Her hands find and stroke the skin of her neck, damp with sweat and discoloured at the lines. Crow’s feet line the corners of her eyes behind her round glasses and minuscule capillaries pop up from the skin of her hands. She stops to trail her fingers at the nape above her chest, where the weight of her thali used to be. I watch her pause, closing her eyes, and I wonder if she loved Papa after all.

Her eyelids spark open and she lifts her eyebrows in realisation. ‘Dei, you have to melt the jaggery also!’ I stop stirring and let my hands fall to my sides, my body wracked with panic. His own birthday pongal, and I’ve already messed up. Now the rice would be softer and the broth thicker than intended. But, we manage. We always do.

Before I can even blink, my mother is behind me, reaching for the bowl of brown, crystallised lumps and placing it by the second stove. Her withered and slightly tremoring hands shuffle through the stack of pots and pans on the dish rack by the sink and she pulls out the tiny silver pot she uses for chai, blackened at the bottom. Her hips then shove mine out of place, and I feel the soft fabric of her sarong brush against the exposed skin of my thigh. She scooches me over and lights the other stove, placing the jagged and uneven blocks exactly into the tiny pot before pouring enough water to soften, not flood, the jaggery. Too sweet, in my opinion, but that is her specialty. I pour the cup of the already freshly cooked sona masoori into the pressure pan, along with more water from the jug. I switch the wooden spatula for a metal ladle and stir the bubbling broth of rice mixed with the ghee and moong dal while we wait for the jaggery. I place the lid on the pressure pan. A good five minutes is all it takes for the jaggery, and maybe two for Amma. The kitchen air fills with a delicate and savoury aroma, as the purple sunset spills through the window panes of our small, cosy apartment.

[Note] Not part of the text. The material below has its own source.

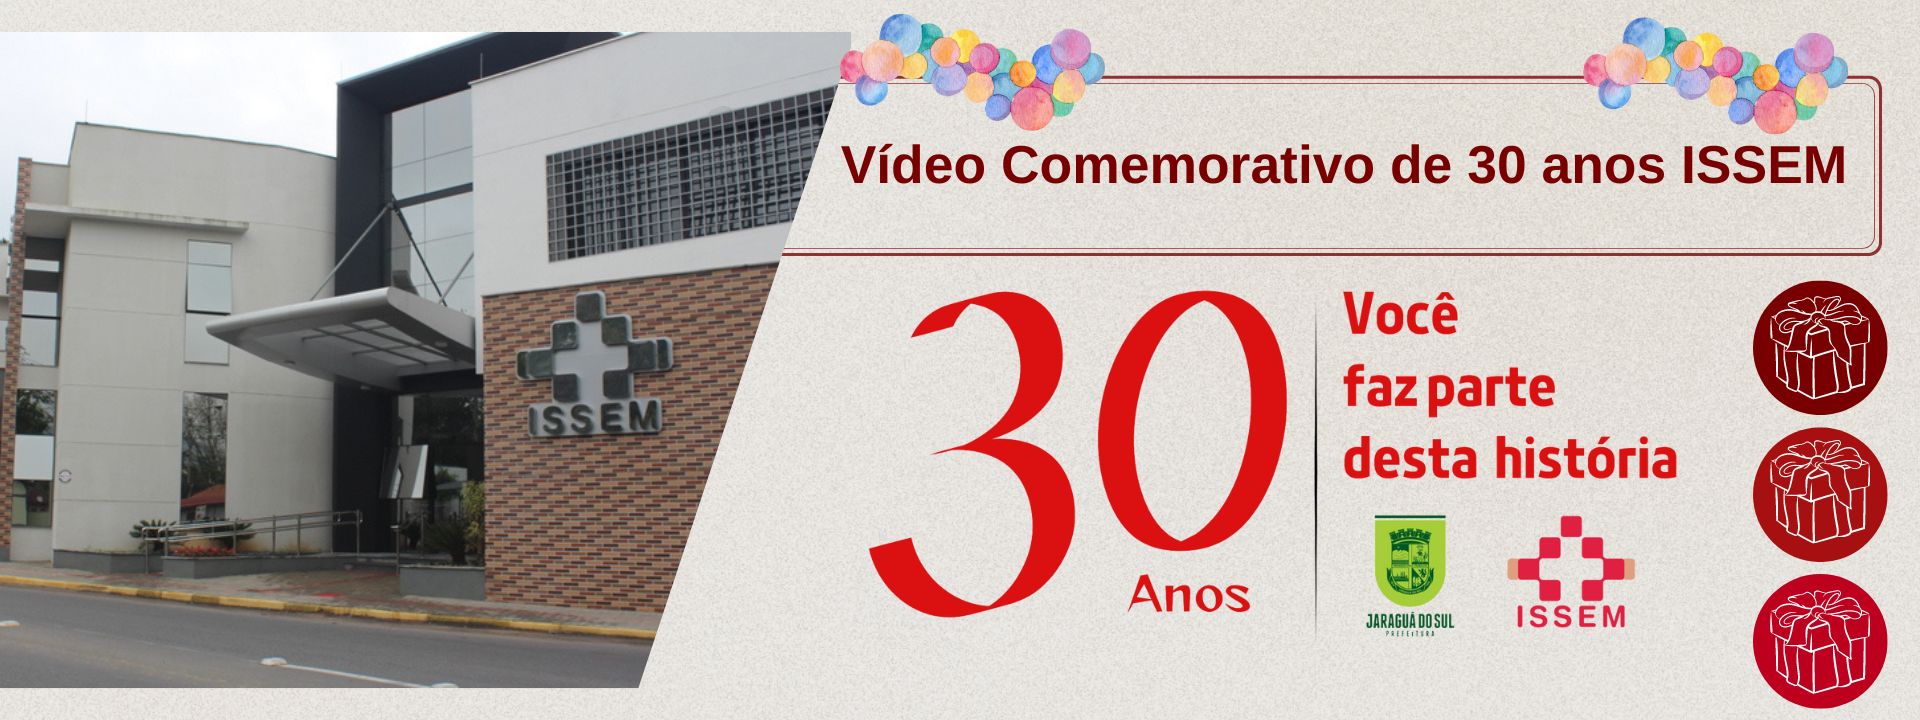 Vídeo Comemorativo 30 anos ISSEM

The kitchen air fills with a delicate and savoury aroma, as the purple sunset spills through the window panes of our small, cosy apartment.

‘Nidhi…’ she starts, less than a minute in. ‘I’ve talked to Aunty Suma from next door, and her son just came back from Germany.’ Her mouth lingers on ‘Germany’ a little too long, stretching it beyond its borders. I roll my eyes.

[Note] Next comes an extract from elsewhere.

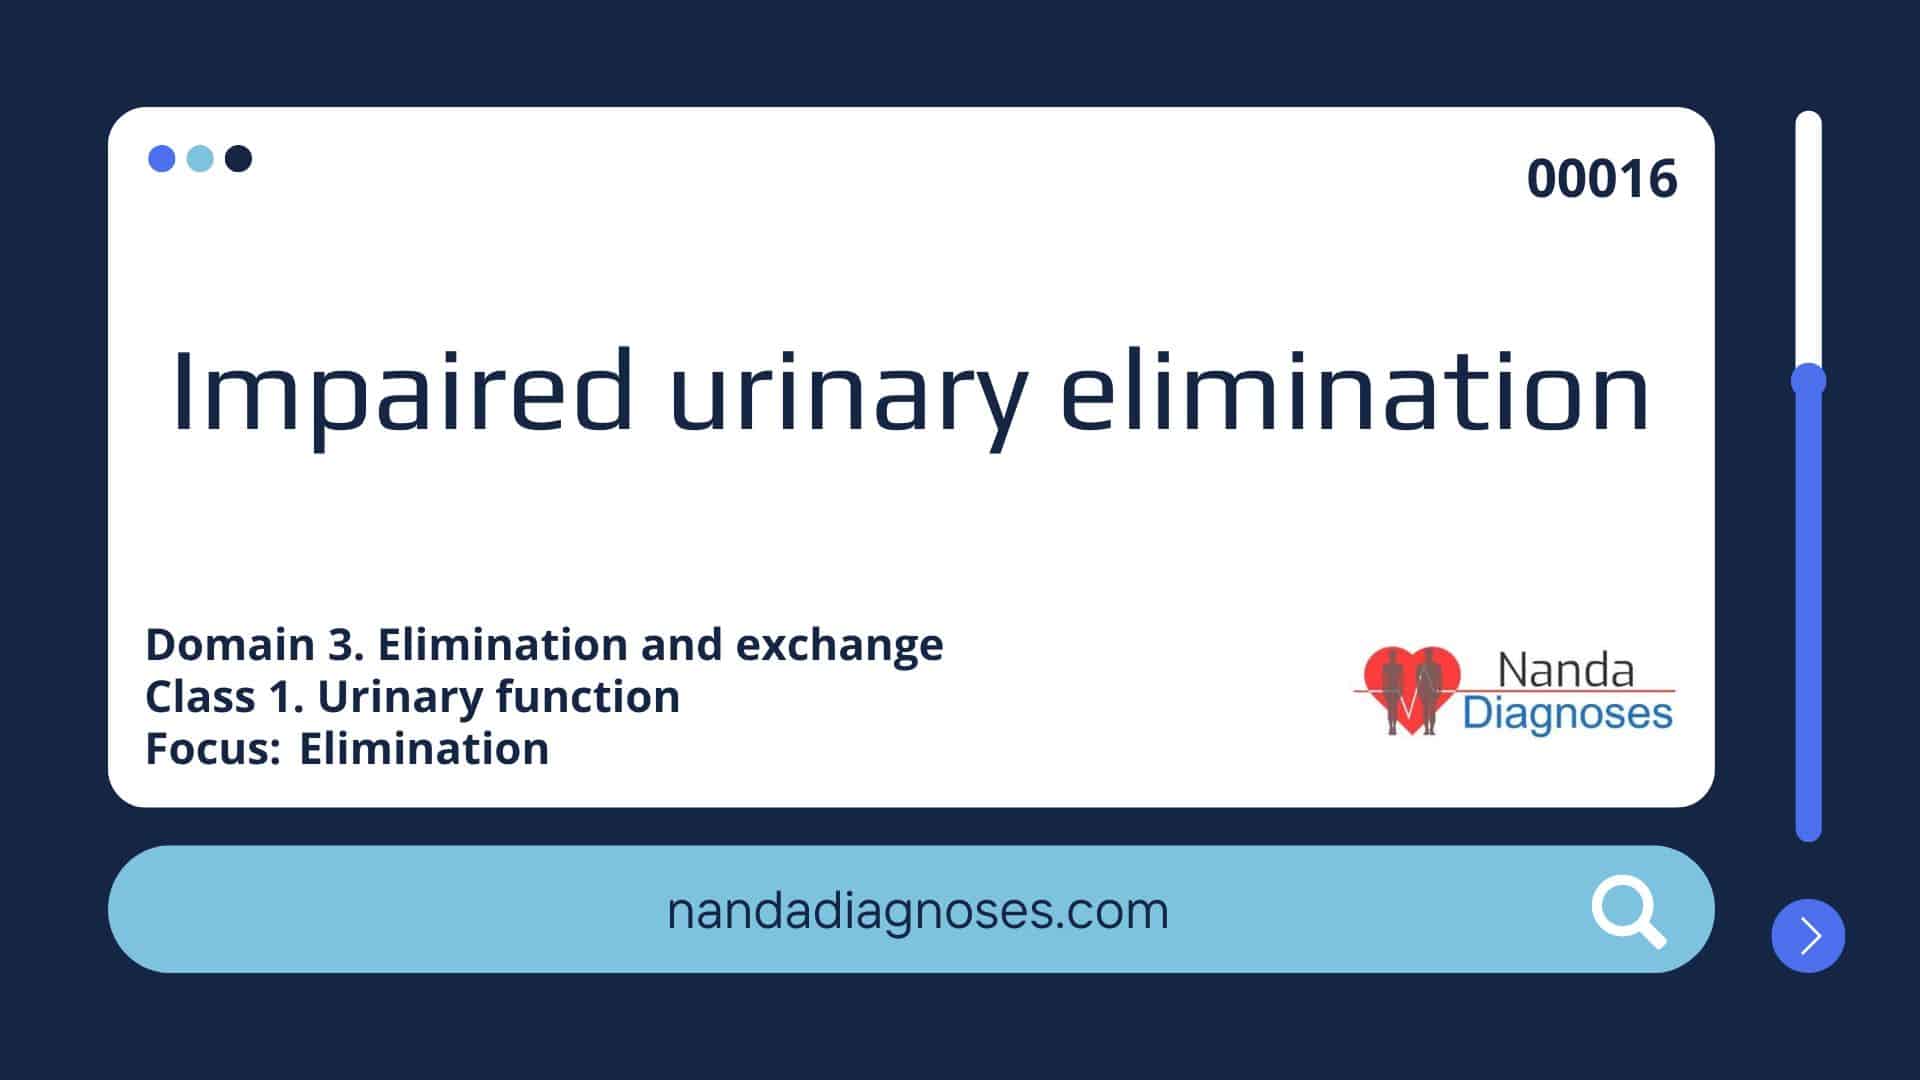 Impaired urinary elimination

‘I’m not interested, Ma,’ I groan. ‘Besides, Hrithik was never that cute.’

‘You’re almost thirty,’ she states matter-of-factly. ‘I think now is the time to start thinking about settling down, ma.

‘I’m twenty-nine, and I can choose for myself.’ My mother clicks her tongue.

‘If you could, you wouldn’t be friends with that white girl,’ she retorts, her words snarky and biting. I ignore her, my fingertips finding Emma’s name etched onto the smooth, brown skin of my wrist. I don’t correct my mother on her usage of the term friend. My mother notices my tattoo and sighs. ‘At least Navin was goo—’

Navin.

The world stops around me, and his name coils around my chest, squeezing and tightening until it burns, and I can taste blood on my breath. The corners of my eyes brim with hot tears and I blink them back as I inhale deeply. I cross over to my mother’s side and she steps back, pursing her thin purple lips as she wipes her hands on the soft cotton of her floral blouse. I turn off the stove and watch the steam from the molten jaggery tumble in the air, before rising to the ceiling. Using a kitchen cloth, I hold the heated rim of the pot and wobble it slightly to check its consistency, watching the thickly browned and bubbling liquid dance to my gentle movements. Amma says nothing, though knowing this isn’t necessary, and instead of lecturing me, she scours the table for the pack of raisins and cashew nuts from Tesco.

The word still lingers in my head—good—as memories of him flood through me. Places he’d kissed, touched; valleys of uncharted skin only he would have had the blueprints to. Sinking deeper into him before I realised I was drowning. His lips on fluttering eyelids to his knuckles against my jaw; a violence that bloomed in the sweet garden of love that we had once nurtured. Not unlike the sweetness of jaggery. I squeeze my eyes shut and slam the pot back onto the stove, splotches of brown staining the ends of my white tank top.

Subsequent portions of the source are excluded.